Я поднялся выше, провел пальцами, собирая влагу. Едва коснулся, а Славку подбросило, и первый тихий стон сорвался с закусанных губ.
— Хорошая девочка, — прохрипел, склоняясь к сосредоточению ее желания. Прикоснулся, целуя и вбирая в рот налитую вершинку, проник внутрь пальцами.

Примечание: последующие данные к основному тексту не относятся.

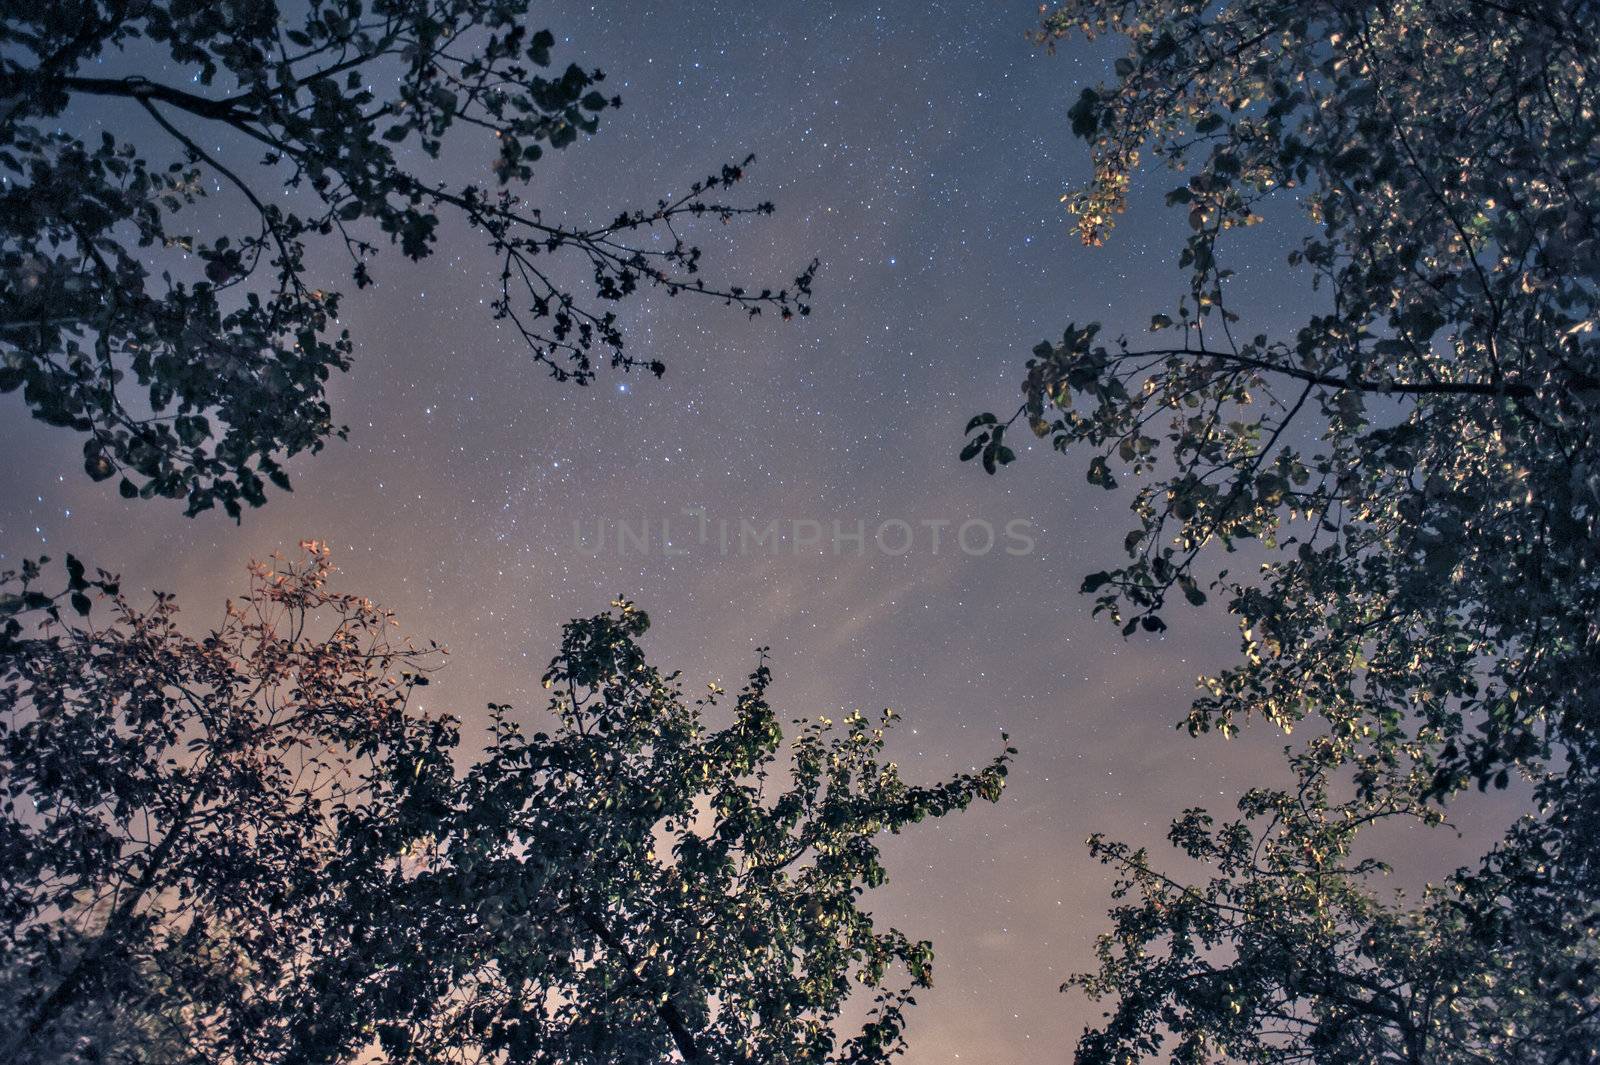 Night star sky with tree branches silhouette

— Я-с-с-с… зашипела, заметалась, выгнулась, сдавливая ногами. Наэлектризованная.
А я пил ее, смаковал, растягивал удовольствие. Чтобы шарашило, чтобы никаких мыслей.
Отыграться за полгода мучений, насладиться.
Я дорвался. И понимал, что мне мало. Стонов ее мало, движений, жара и вкуса, обнаженной кожи и запаха цитрусового. Отклика и реакций. Я впитывал ее удовольствие, наслаждался им, дурел все больше и больше. Похоть скручивала и била в каждый нерв и клетку тела, выворачивала кости и мышцы. Ядом текла по венам. Кислотой.
Но все равно было мало. Я играл с ней, доводил, мучил.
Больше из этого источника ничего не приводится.